**Prompt**:
Every line of the records below from the line with "Josera JosiDog Agilo" up to and including the line with "旅游自媒体行业交流峰会/论坛图形logo" must be reproduced exactly, and no line outside that range.

**Provided records**:
Segment Open
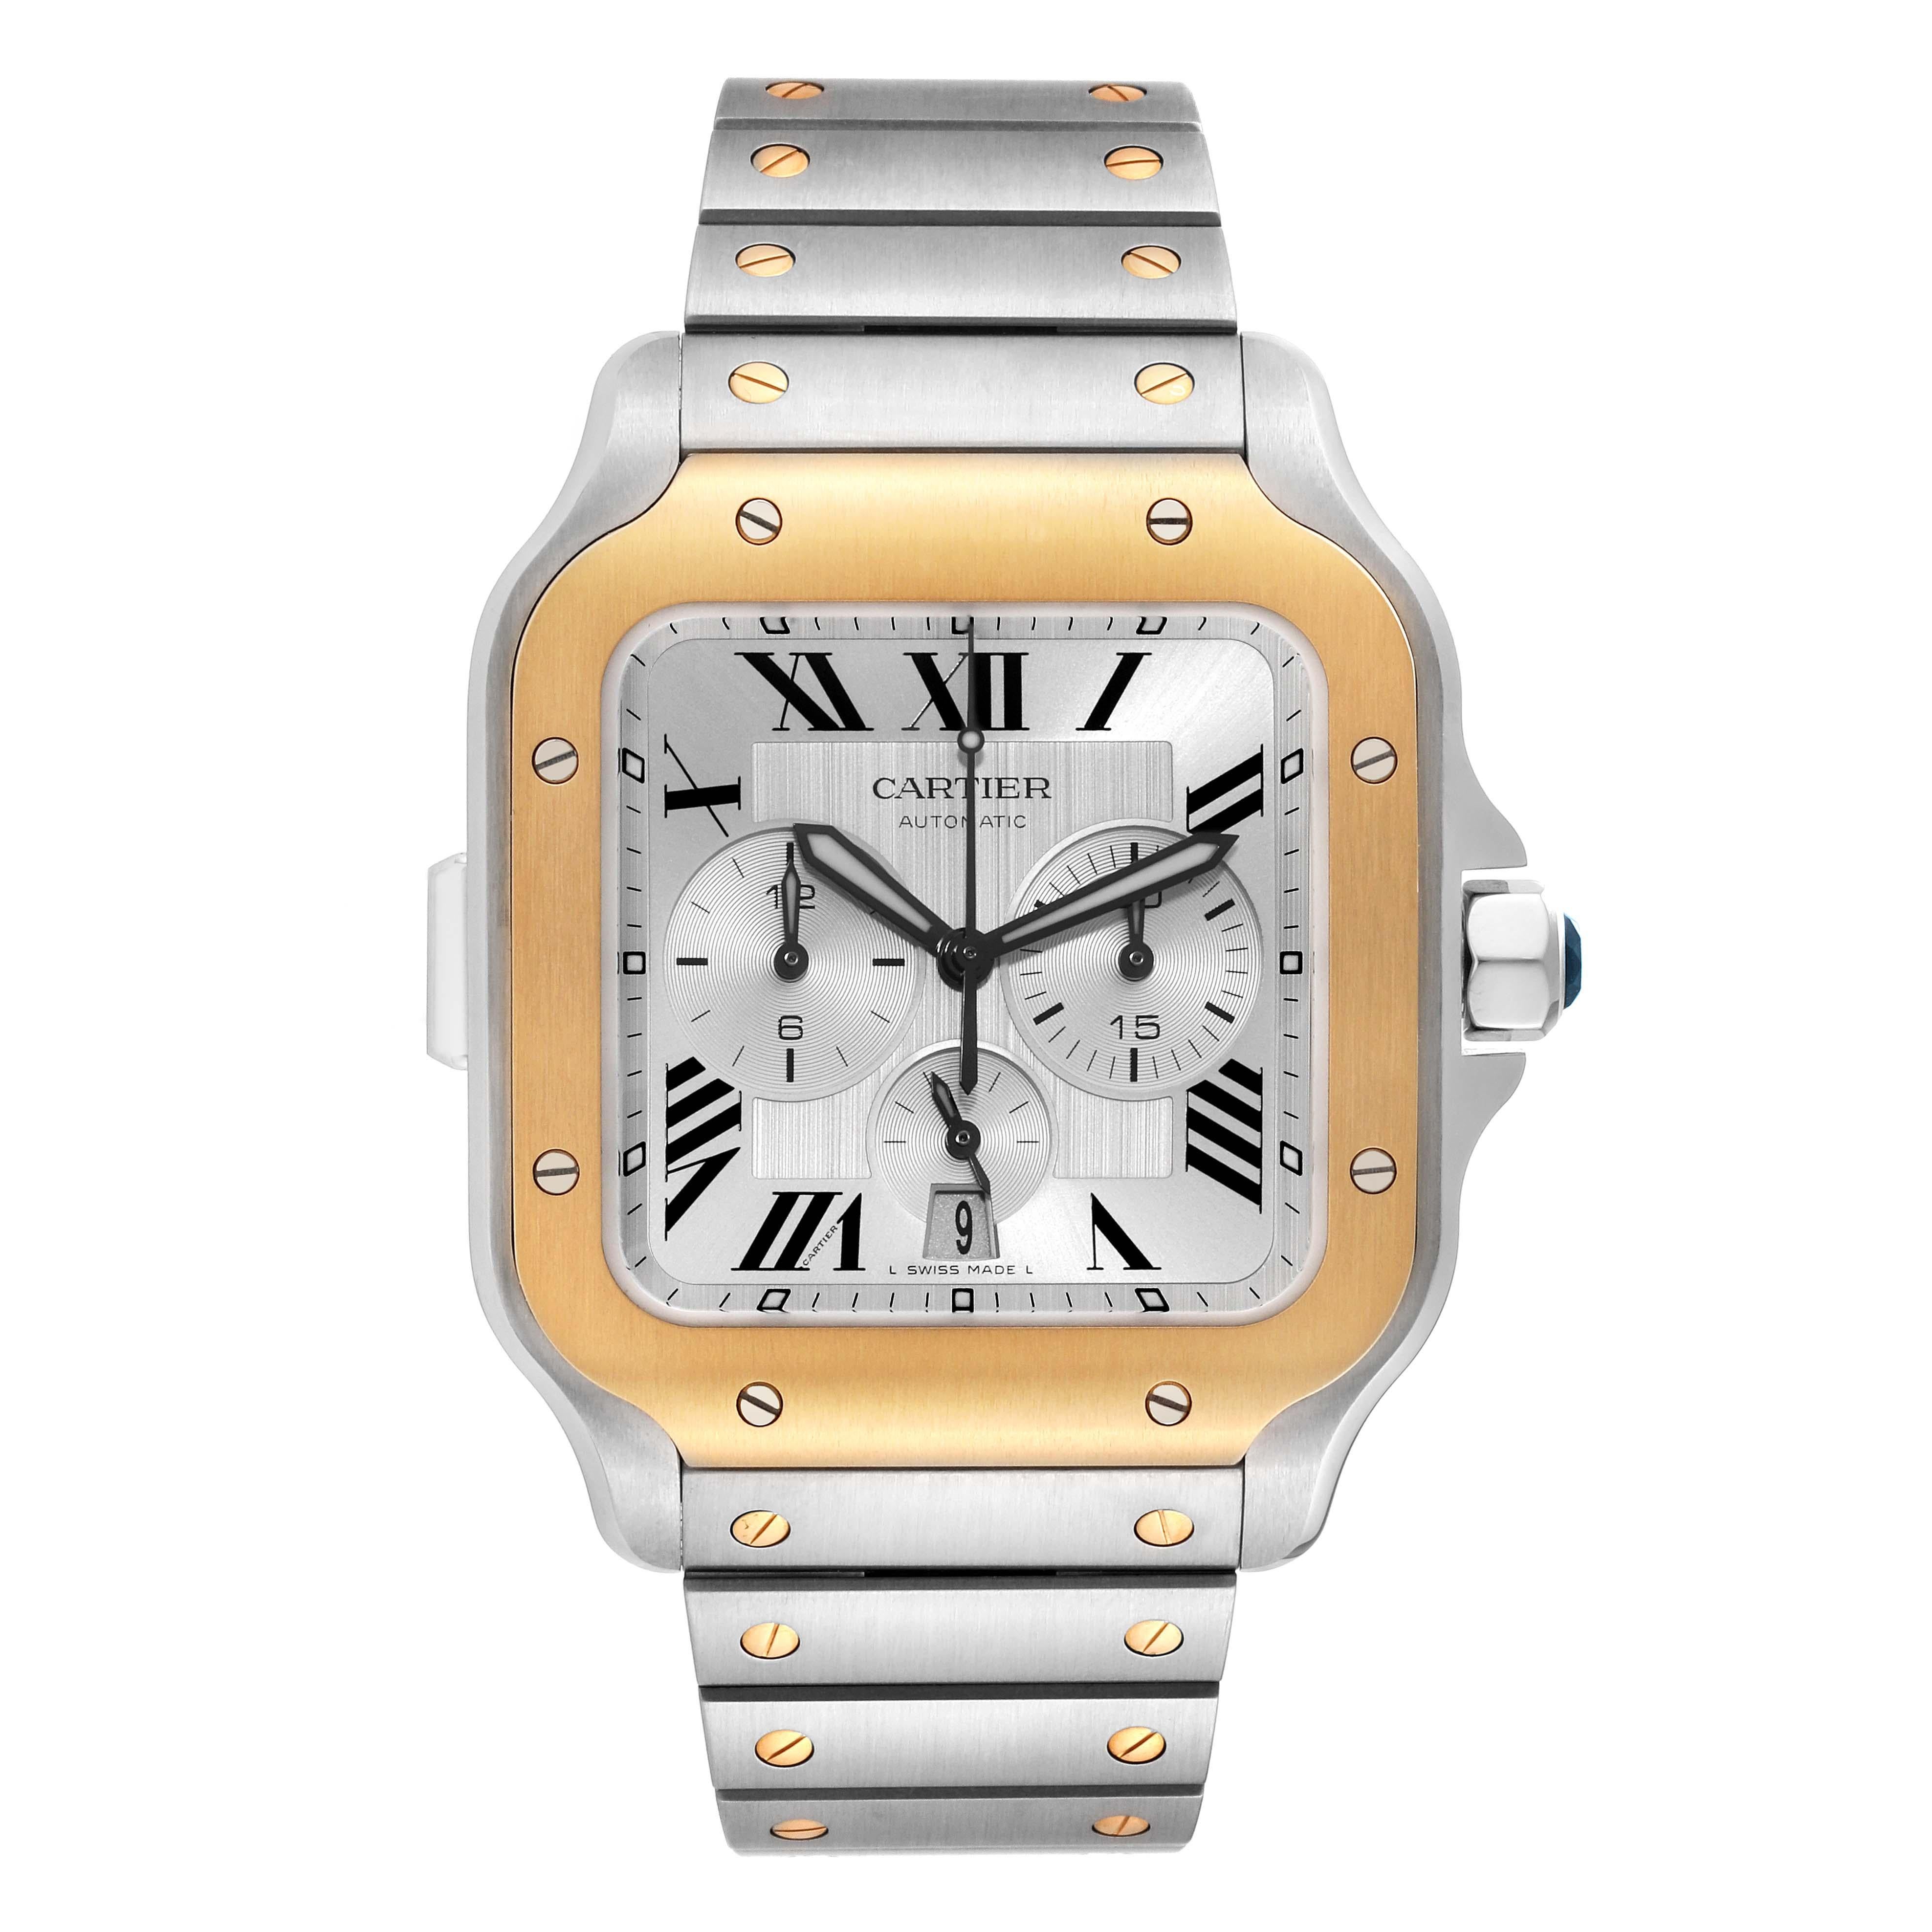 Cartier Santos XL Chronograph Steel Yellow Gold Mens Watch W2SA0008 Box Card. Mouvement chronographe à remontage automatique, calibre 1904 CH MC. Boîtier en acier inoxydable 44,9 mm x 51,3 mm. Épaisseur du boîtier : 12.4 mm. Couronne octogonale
Segment Closed
Segment Open
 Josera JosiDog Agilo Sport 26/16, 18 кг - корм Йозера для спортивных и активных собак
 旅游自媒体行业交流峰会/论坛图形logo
Segment Closed
**Written solution**:
 Josera JosiDog Agilo Sport 26/16, 18 кг - корм Йозера для спортивных и активных собак
 旅游自媒体行业交流峰会/论坛图形logo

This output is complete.